◆ Provided data ◆
____

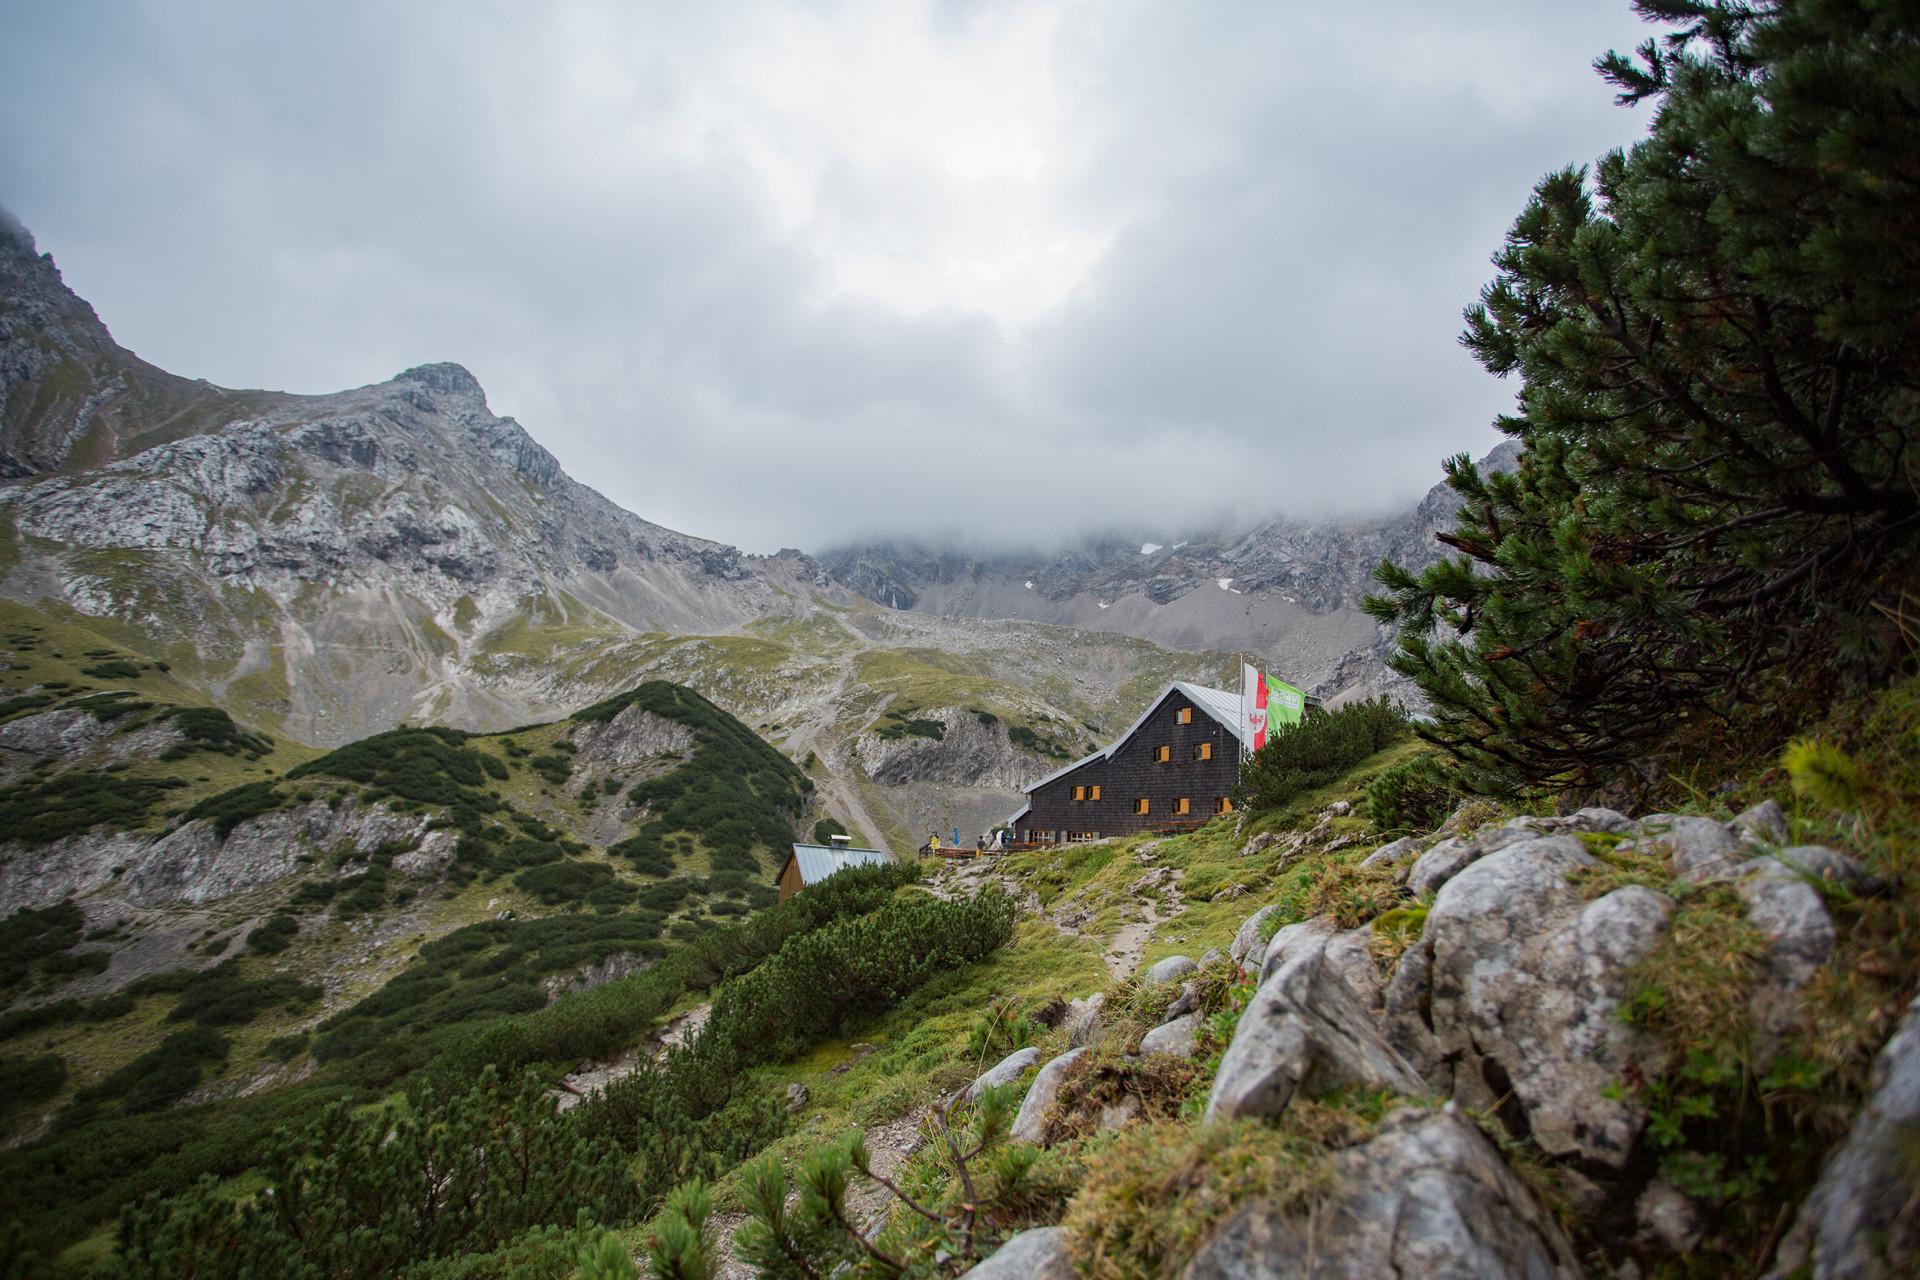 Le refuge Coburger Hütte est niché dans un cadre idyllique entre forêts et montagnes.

____

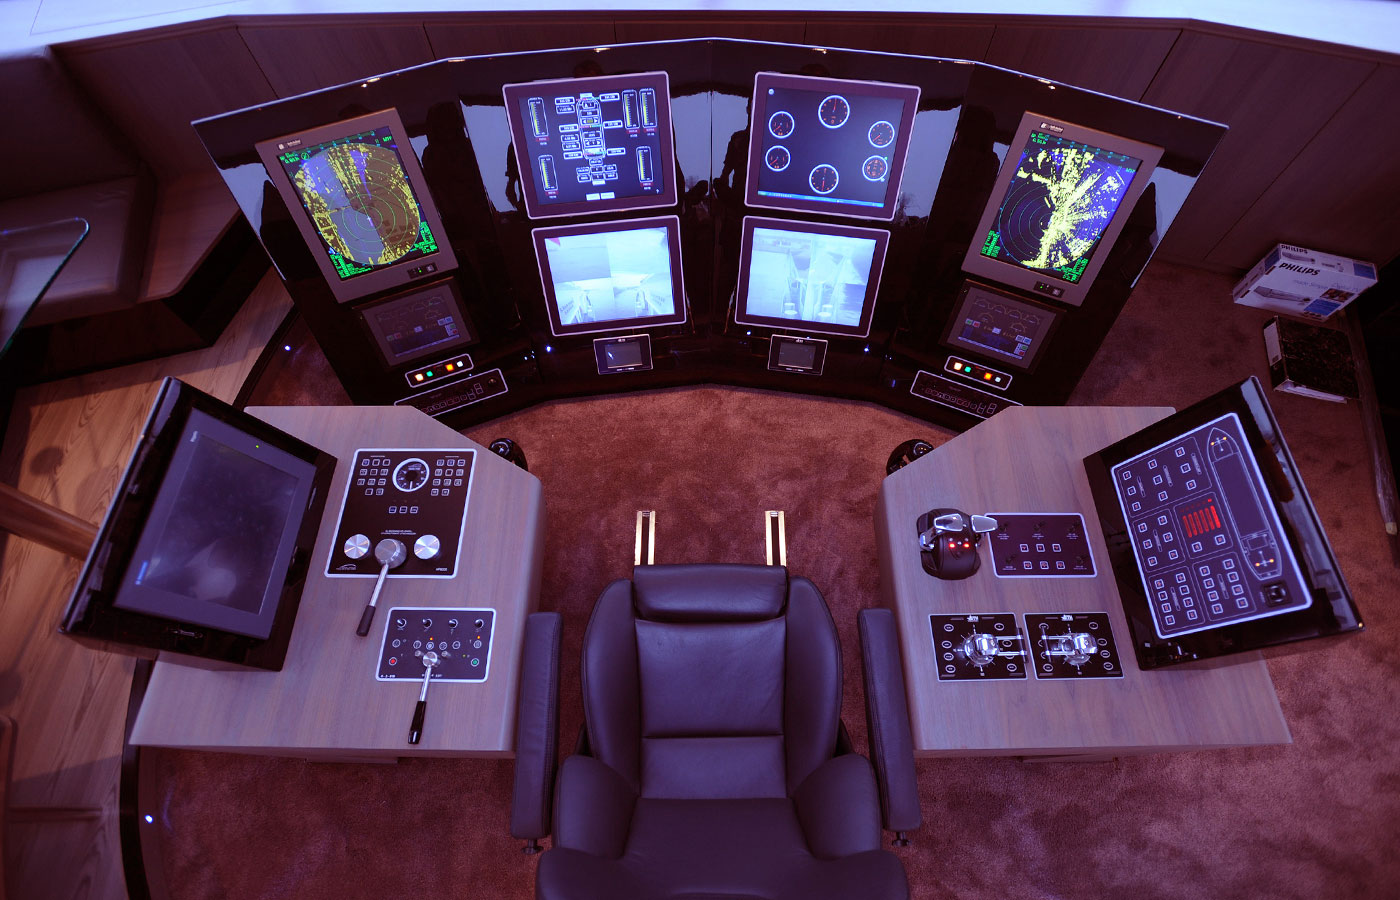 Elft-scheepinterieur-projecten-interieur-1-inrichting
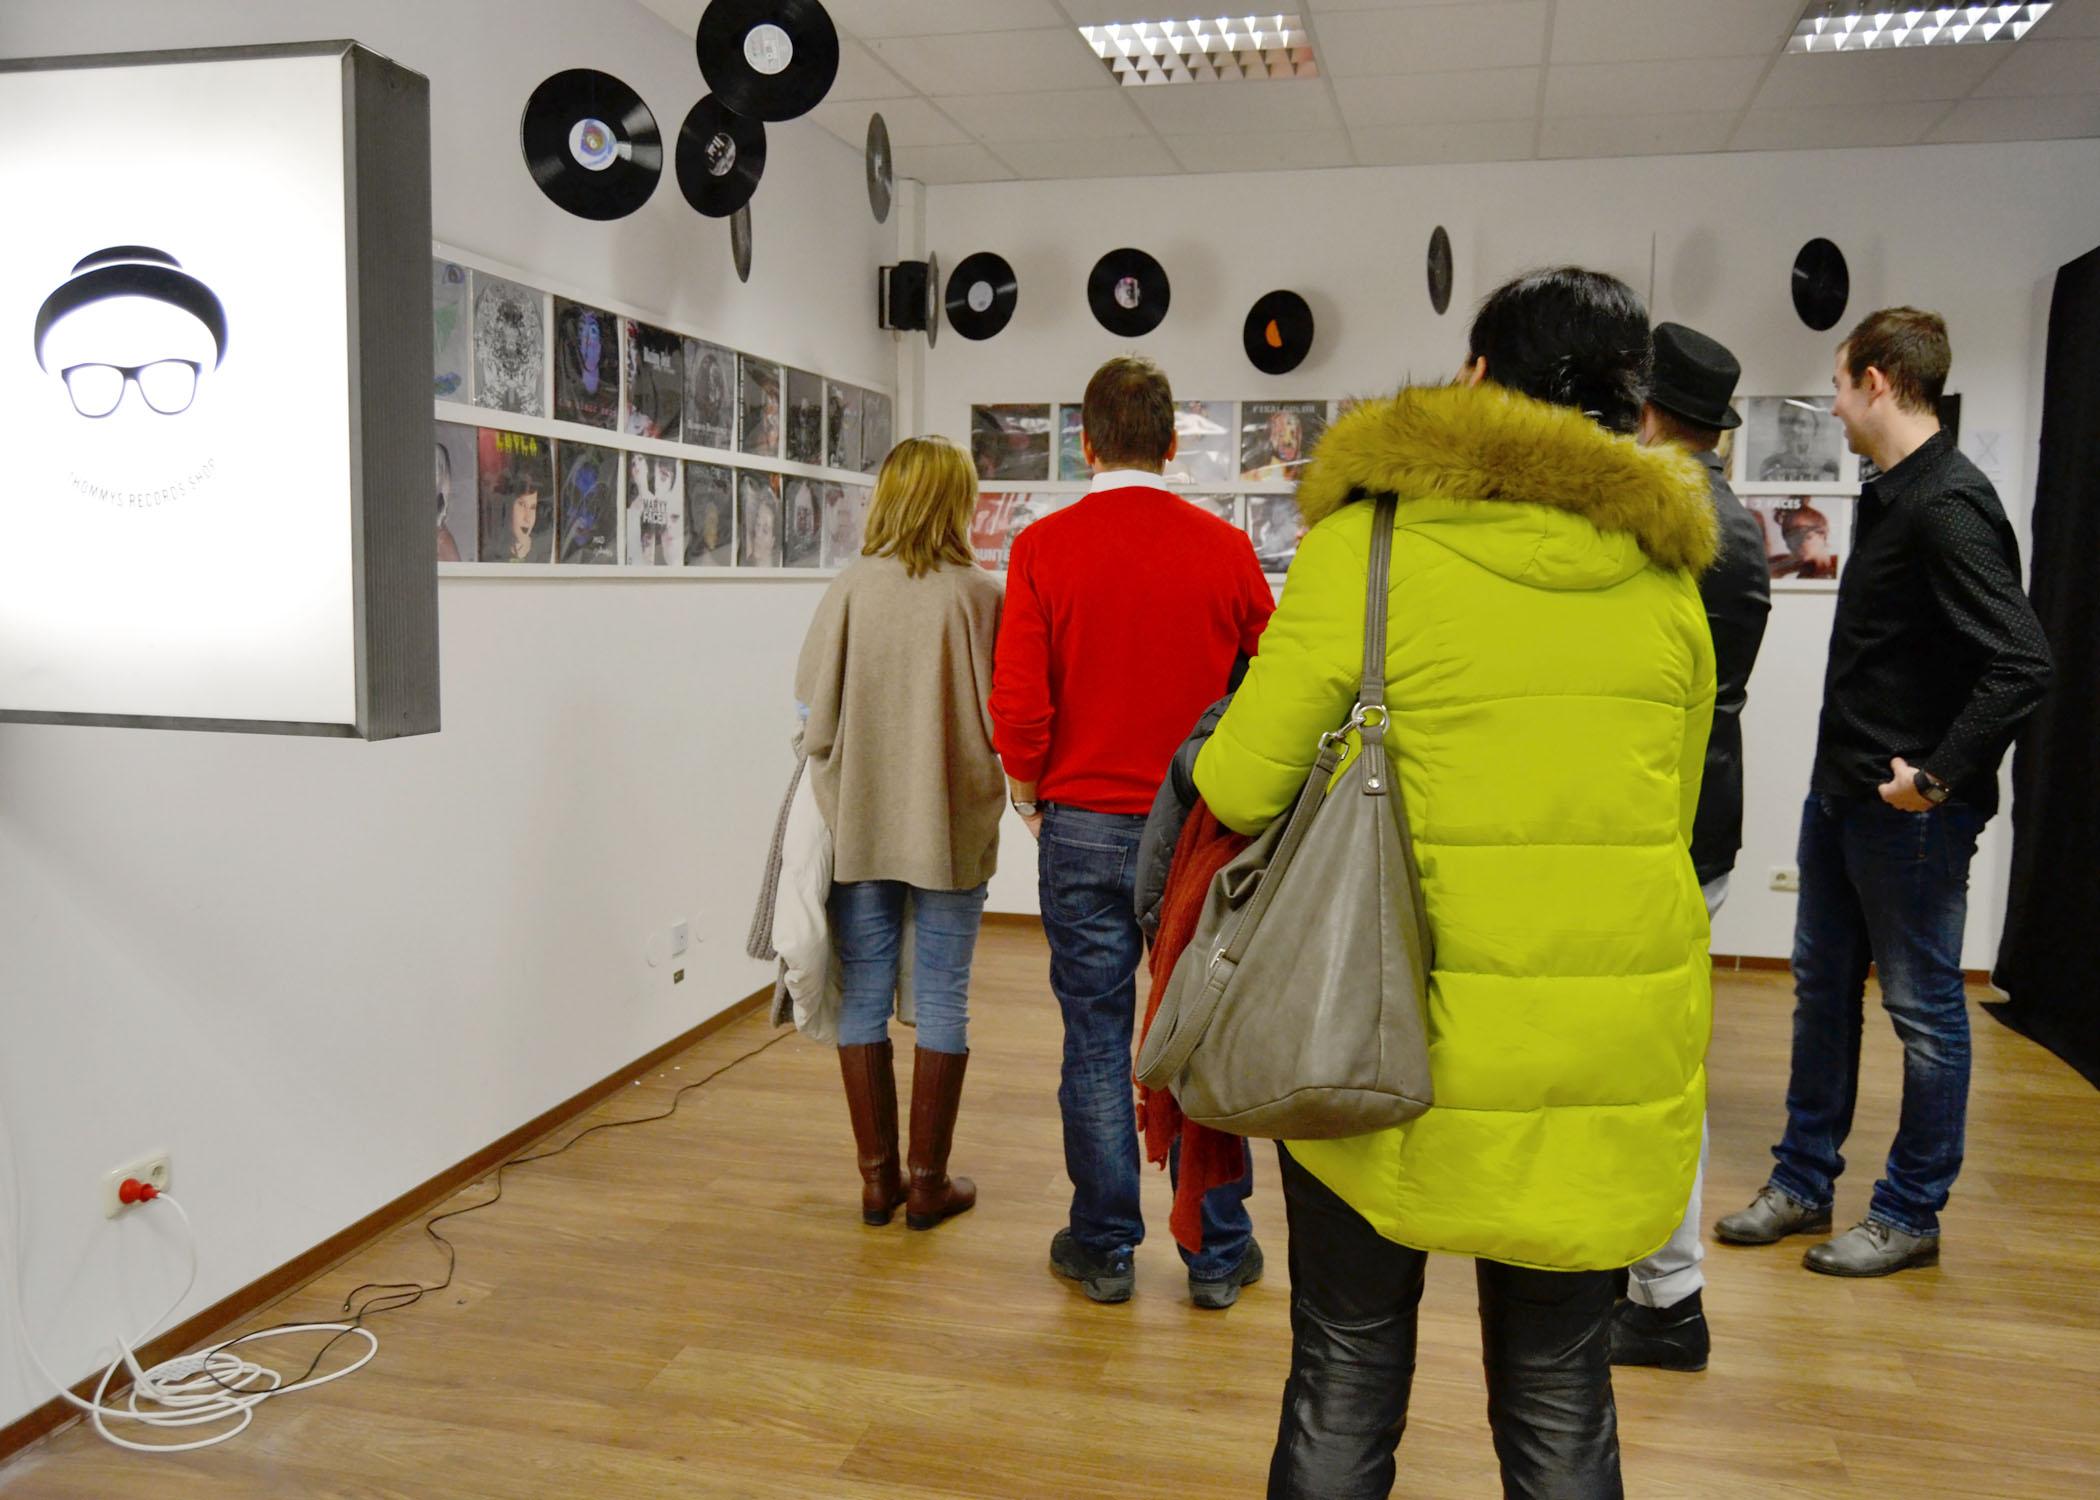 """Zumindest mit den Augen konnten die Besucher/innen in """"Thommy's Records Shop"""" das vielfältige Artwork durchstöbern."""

____

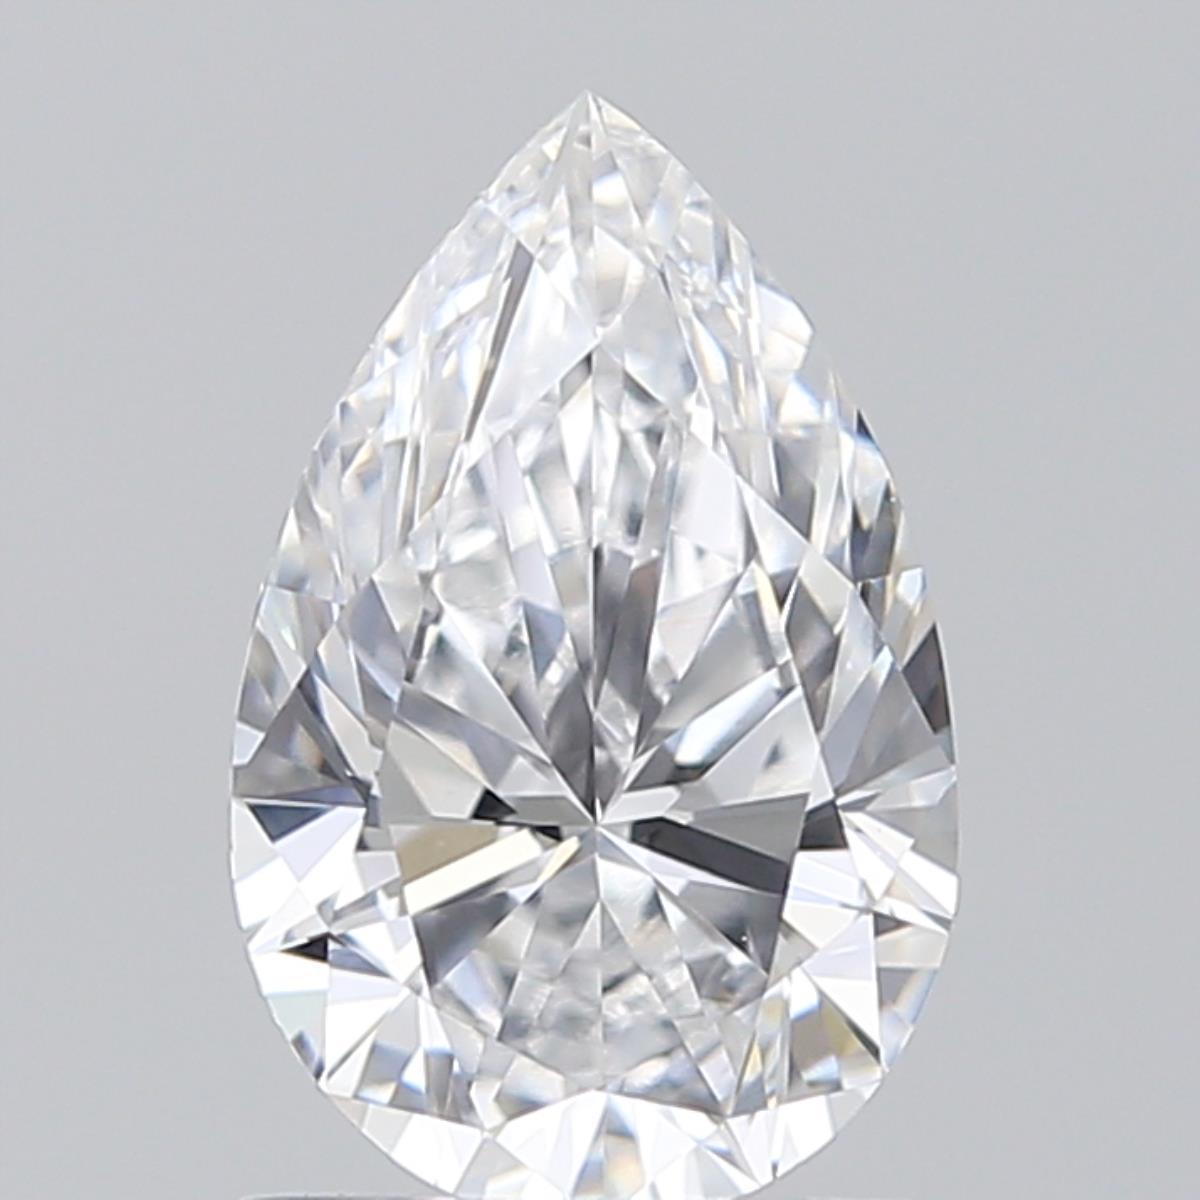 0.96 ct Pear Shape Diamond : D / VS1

____

◆ Work request ◆
Please transcribe exactly the part of the records that opens with the line containing "Elft-scheepinterieur-projecten-interieur-1-inrichting" and closes with the line containing "mit den Augen", both ends included, and leave out the pictures.

◆ Solution to the exercise ◆
 Elft-scheepinterieur-projecten-interieur-1-inrichting
 """Zumindest mit den Augen konnten die Besucher/innen in """"Thommy's Records Shop"""" das vielfältige Artwork durchstöbern."""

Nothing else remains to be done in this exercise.